Вместе со своими учителями и современниками Сумароков считал человеческую природу исторически неизменной, полагал, что во все времена люди думали, чувствовали, действовали одинаково. Обстановка событий поэтому была несущественна. Драматург передавал основное, ведущее — борьбу идей, столкновения между разумом человека и его чувствами, между его обязанностями перед государством и личными влечениями.

Сумароков написал трагедию «Хорев», а вслед за нею — «Гамлет», взяв основу ее у Шекспира, прочитанного во французском переводе. На очереди были «Синав и Трувор», «Артистона», «Семира».

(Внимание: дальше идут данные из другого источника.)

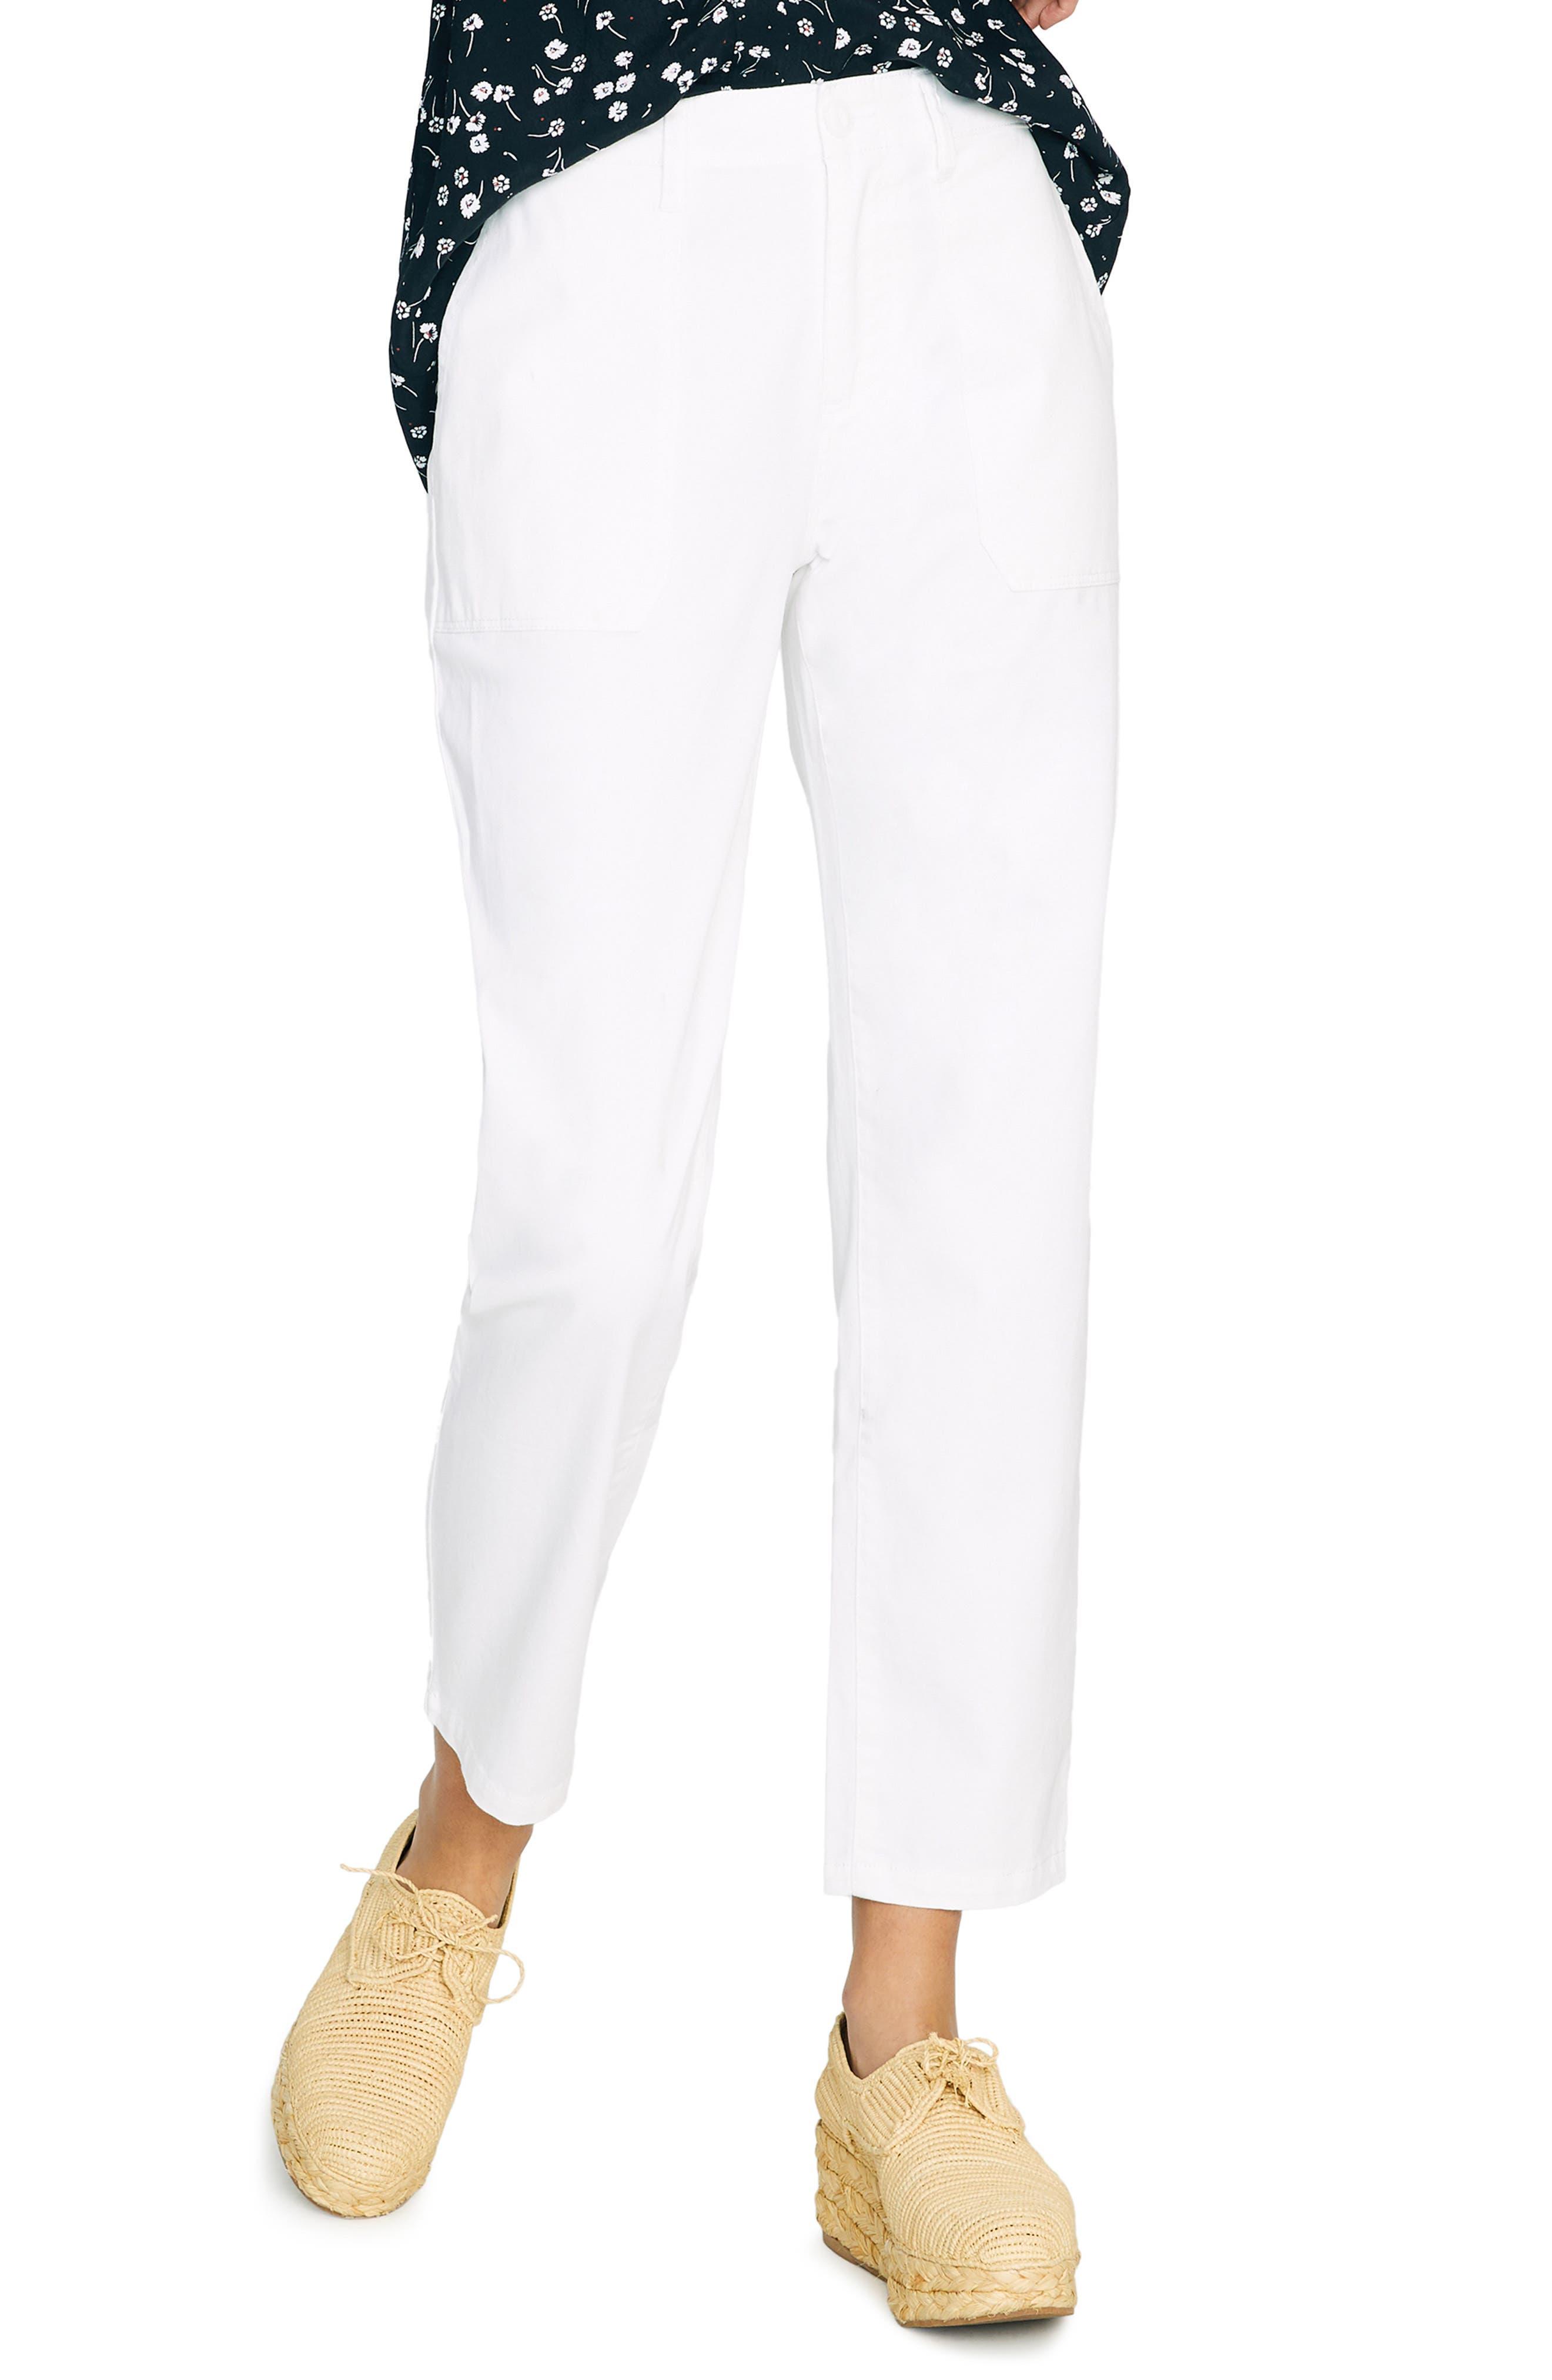 8a42b878a780f7 Women's Chino & Khaki Clothing | Nordstrom

Ставить эти пьесы было негде.

Сумароков начал создавать русский театр.

Царь Петр в начале века пригласил в Россию немецкую труппу и отдал в актерскую науку два десятка купеческих детей и подьячих. Он желал увидеть спектакли, прославлявшие государевы труды и победы над шведами, пьесы без шутовства, полезные для тех, кто их смотрит, пусть таких людей пока и не много.

Приезжие немцы старались угодить монарху, но ничего путного подготовить не смогли. Театра не вышло, и Петр к нему охладел.

Однако интерес к театральным зрелищам был пробужден. Спектаклями увлеклась сестра царя Наталья Алексеевна, а потом и вдова царского брата ПрасковьяФедоровна. Пьесы разыгрывали ученики доктора Бидлоо в московском госпитале. Библейские сюжеты школьных драм чередовались в их репертуаре с интермедиями в духе народной сатиры скоморошеских представлений.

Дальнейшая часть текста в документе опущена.